The Markov property: why only 'now' matters
The 'Markov' in Markov decision process names one specific, load-bearing assumption: the next state depends only on the *current* state and action — not on the entire history of how you arrived there. In chess this is literally true. The current arrangement of pieces tells you everything you need to choose your move; it makes no difference in what order the pieces got there. The present is a complete summary of the past.
This assumption is what makes the math tractable. Because the agent only ever has to reason about 'where am I now,' not 'everything that has ever happened,' the problem stays a manageable size and the value-and-Bellman machinery you will meet in the next guides clicks into place. Drop the Markov property and the elegant recursion at the heart of RL falls apart.
Return: the long game the agent is actually playing
A reward is a single step's score. But the agent doesn't care about one step — it cares about the whole trajectory. The total it is trying to maximize is the [[return-rl|return]]: the sum of all the rewards it collects from now until the end. This is why a good agent will happily take a *negative* reward now — sacrificing a piece, spending money, taking the long way around — if it leads to far more reward later. Optimizing the return, not the immediate reward, is what separates planning from greed.
But there is a problem with 'sum of all rewards.' In a task that can run forever, that sum can blow up to infinity, and infinity is useless for comparing strategies — every strategy that never dies scores the same.
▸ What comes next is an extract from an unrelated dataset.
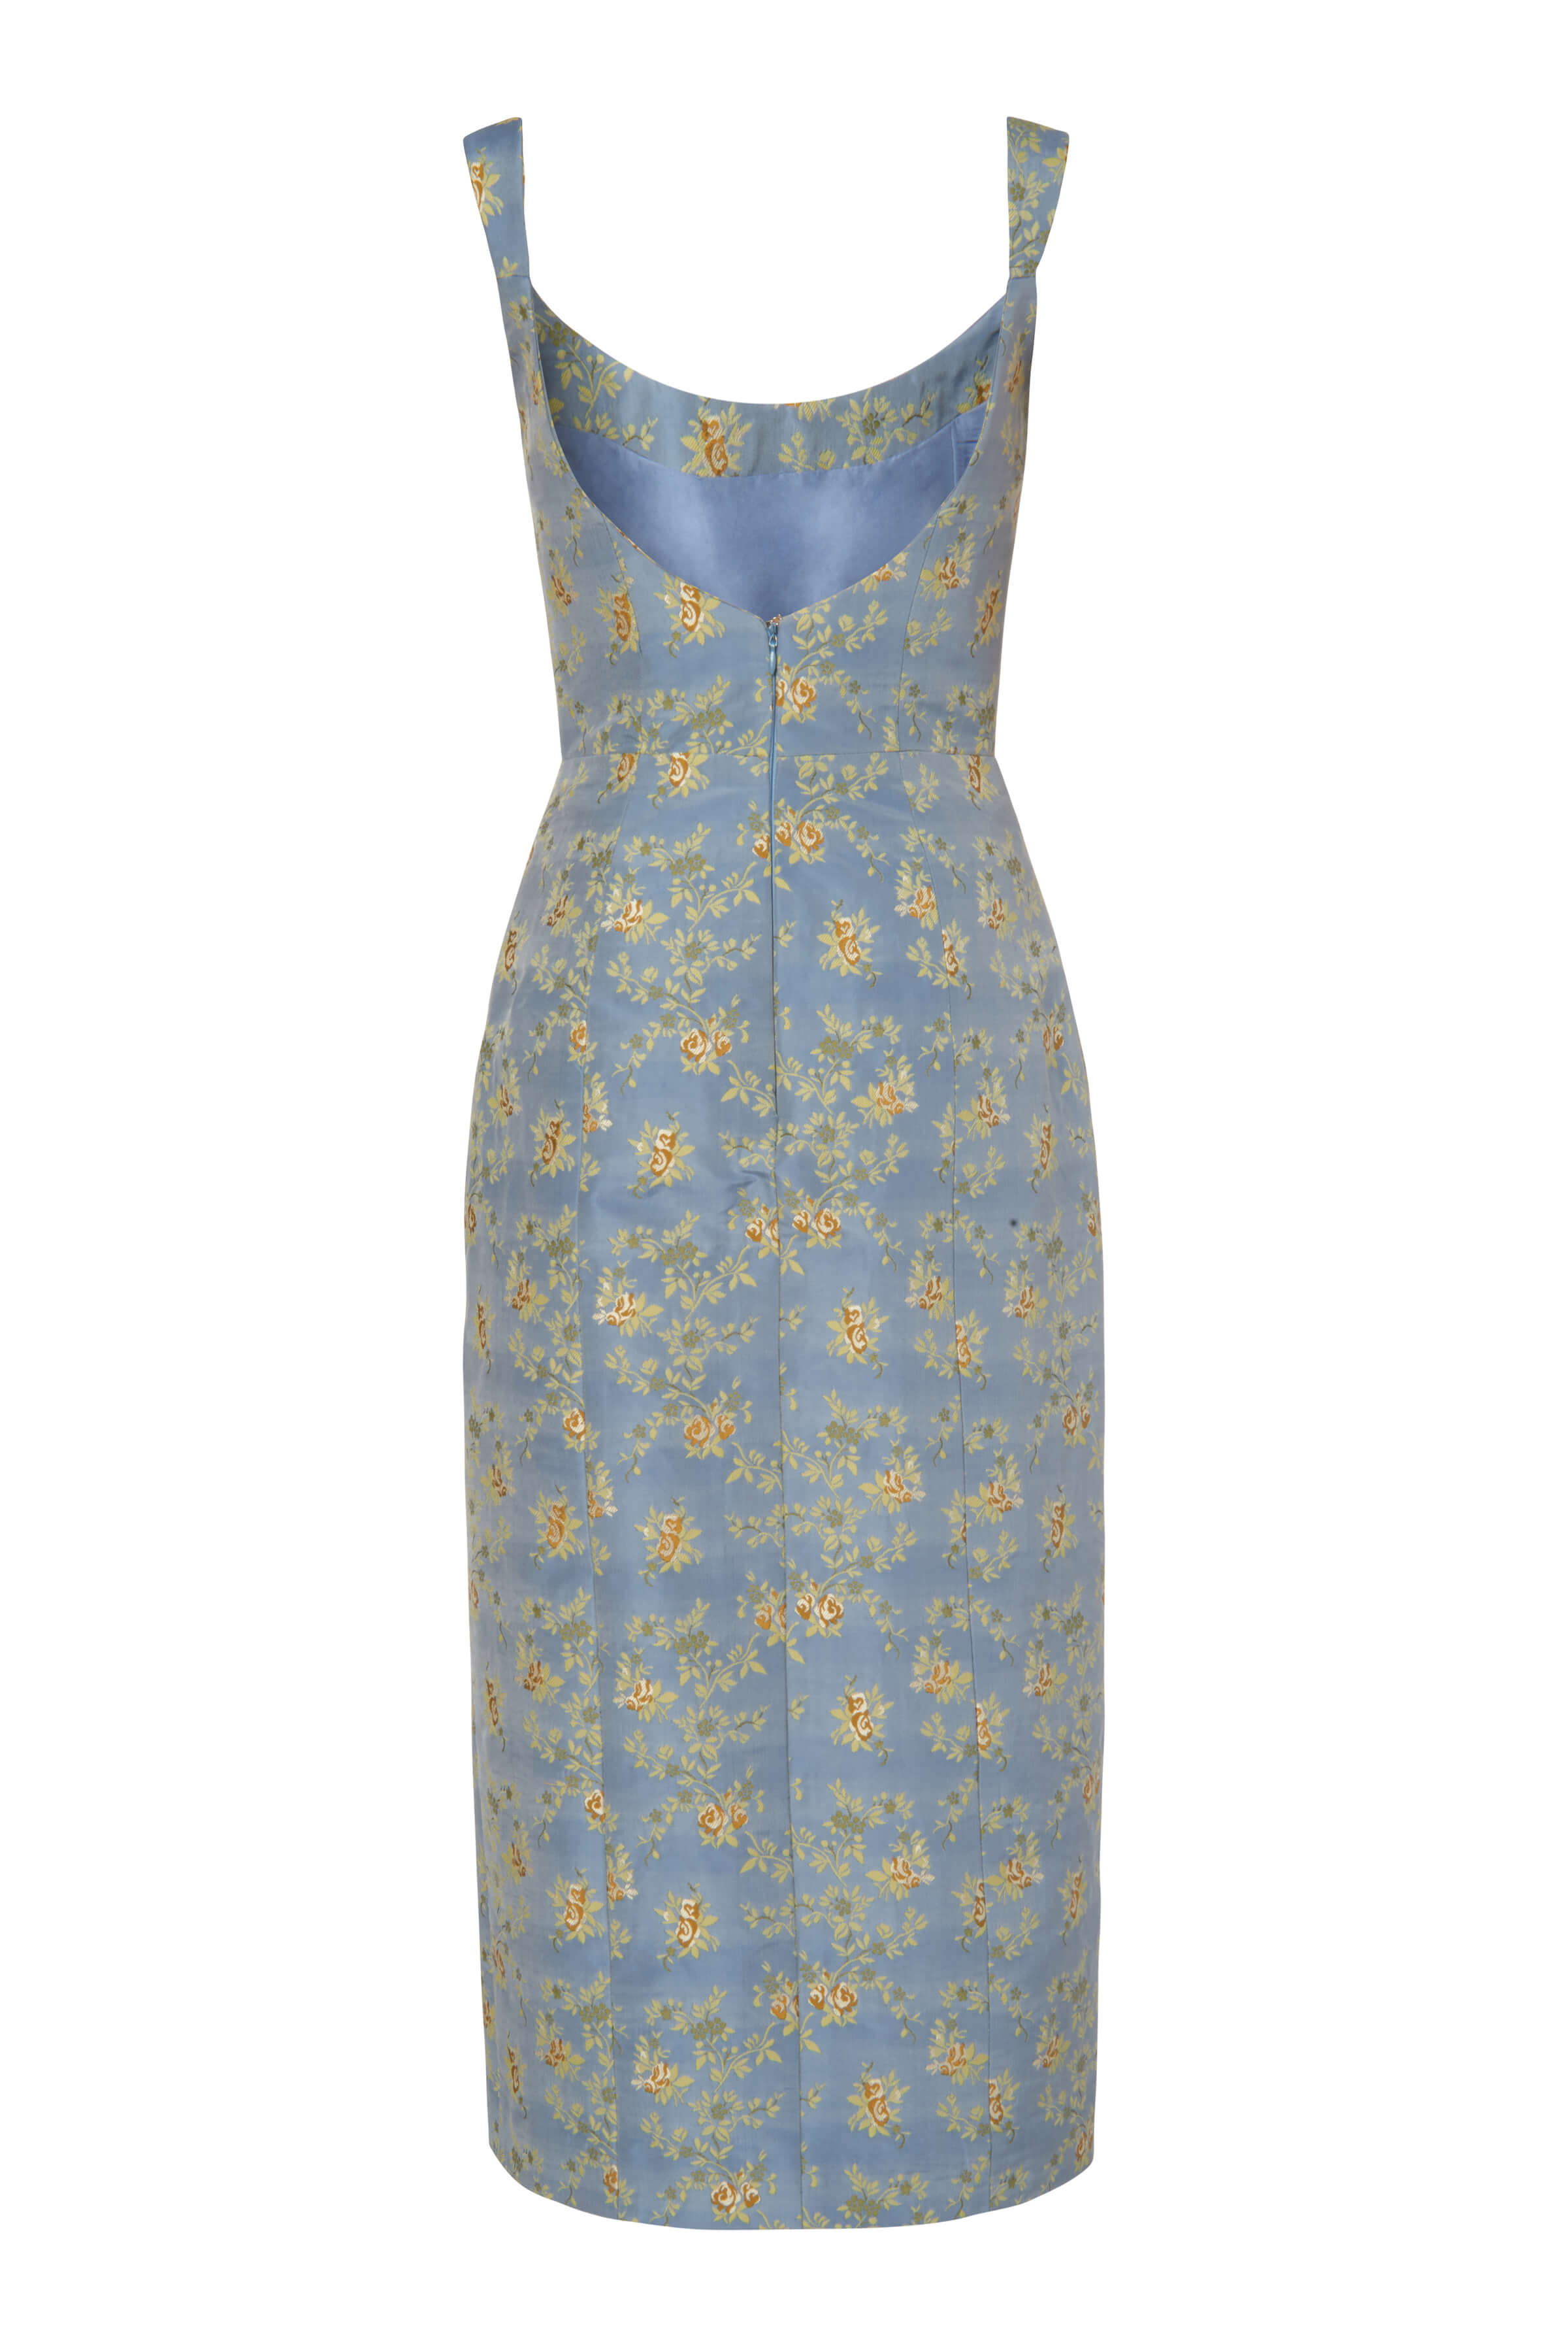 Claudette Blue Floral Corset Dress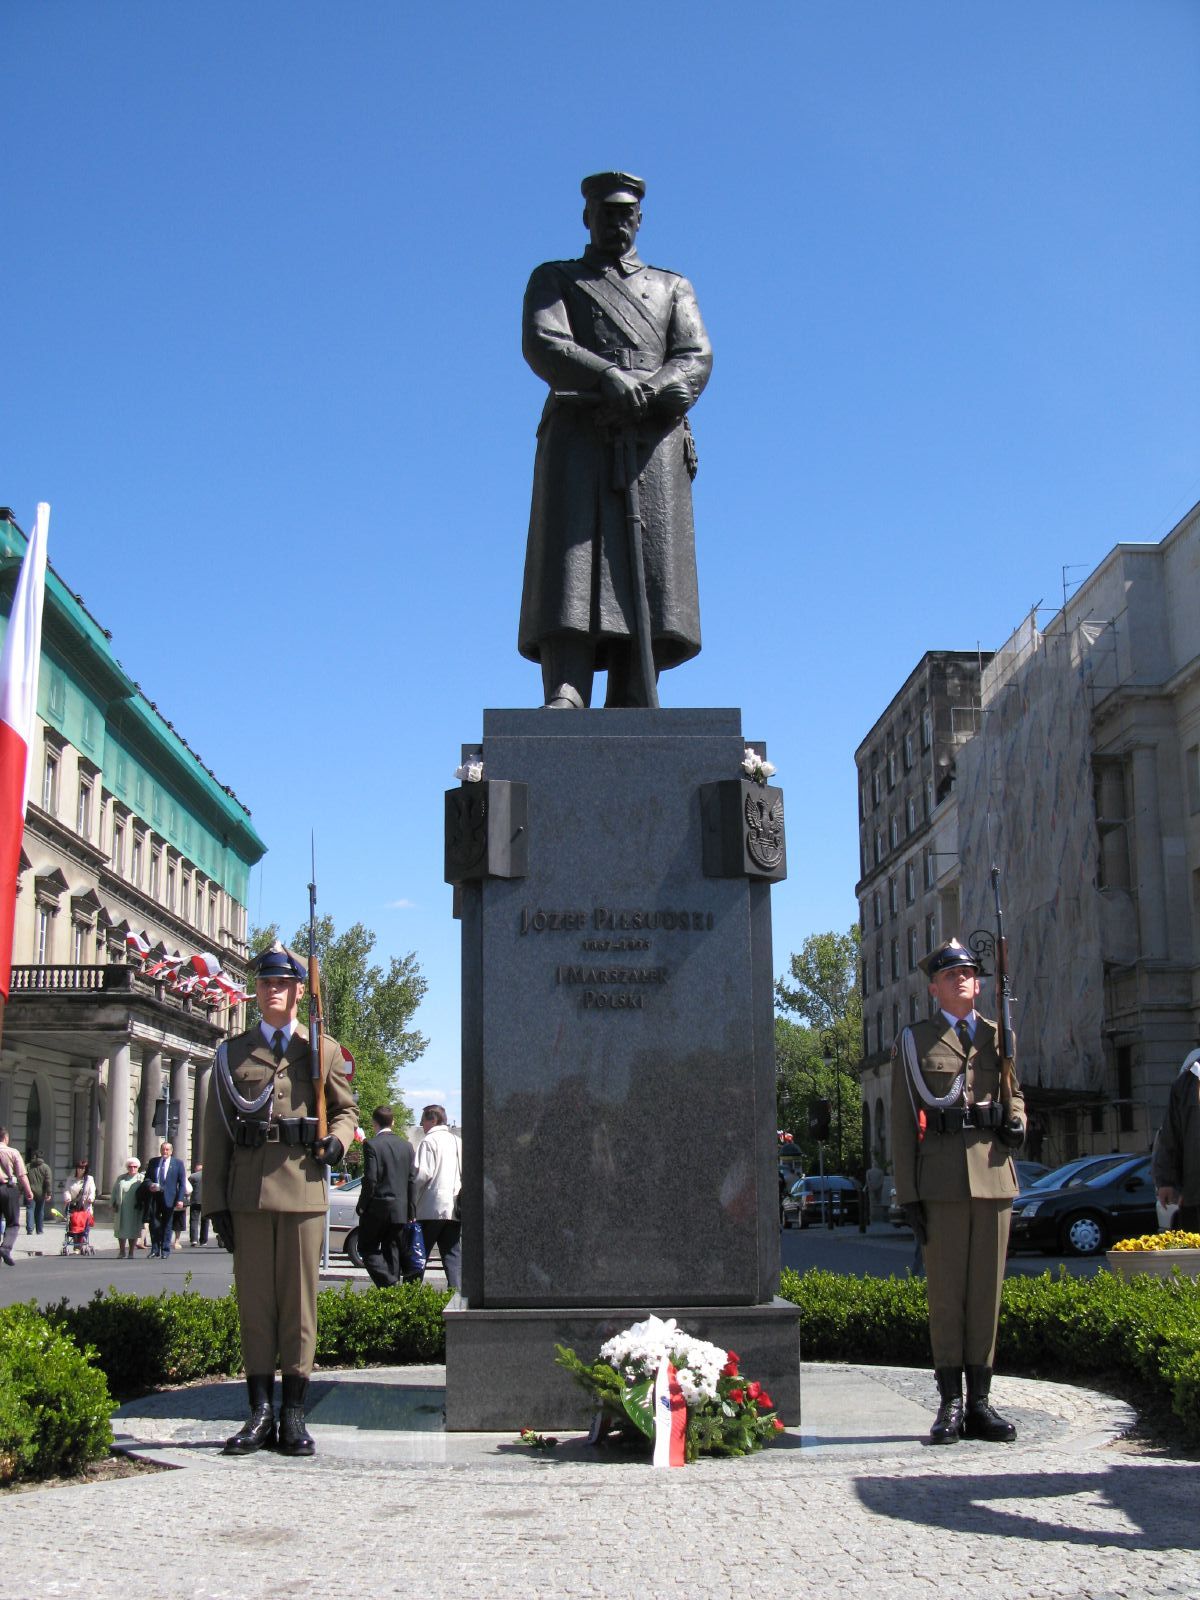 2. Realistinis, atpažįstamas J. Pilsudskio paminklas Varšuvoje priešais jo vardu pavadintą aikštę, viename aikštės centrinės ašies ašigalyje (pastatytas 1995 m.) | Wikipedia.org nuotr.

The discount factor, usually written gamma (γ), fixes this. A reward one step away counts in full; a reward two steps away is multiplied by γ; three steps away, by γ times γ; and so on, shrinking with every step of delay. Since γ sits between 0 and 1, even an endless stream of rewards adds up to a finite, comparable number.
return = r0 + γ·r1 + γ²·r2 + γ³·r3 + ... γ = 0.9 , reward +100 ten steps away -> 100 · 0.9¹⁰ ≈ 35 (impatient) γ = 0.99, same +100 ten steps away -> 100 · 0.99¹⁰ ≈ 90 (far-sighted)
So γ is more than a numerical safety valve — it sets the agent's *personality*. Near 0, the agent is shortsighted, grabbing whatever pays off immediately. Near 1 (say 0.99), it is patient, willing to forgo a small reward now for a bigger one many steps later. And it is a knob *you* choose, not something the world tells you: set it too low and the agent can't 'see' a distant goal well enough to ever learn to reach it; set it too high and the far-off, uncertain sums make learning noisier and slower to settle.
Putting it together, and what the framing buys you
Let's assemble a tiny, complete MDP — Snakes and Ladders — to see the five pieces snap together. It is about as clean as MDPs get, because there are no real decisions to make; it isolates the structure itself.
- State: the square your token sits on. Where you've been doesn't matter — only where you are. (That is the Markov property, made concrete.)
- Action: roll the die. (There's only one possible action — which is why no skill is involved.)
- Transition: the die lands 1–6 (each with probability one-sixth), you advance, then any snake slides you down or ladder lifts you up. Random, but fully specified.
- Reward: +1 the moment you reach the final square, 0 everywhere else.
- Discount: γ close to 1, since reaching the end a few turns sooner is only mildly better than reaching it later.
With the problem written this way, a precise question becomes askable: starting from this square, what is the best return I can expect? That number — attached to every state — is the value function, the subject of the next guide, and the recursive relationship that links each state's value to its neighbors' is the Bellman equation. None of that machinery is available until the problem is an MDP. The framing isn't bureaucracy; it is what makes 'learn by trial and error' computable at all.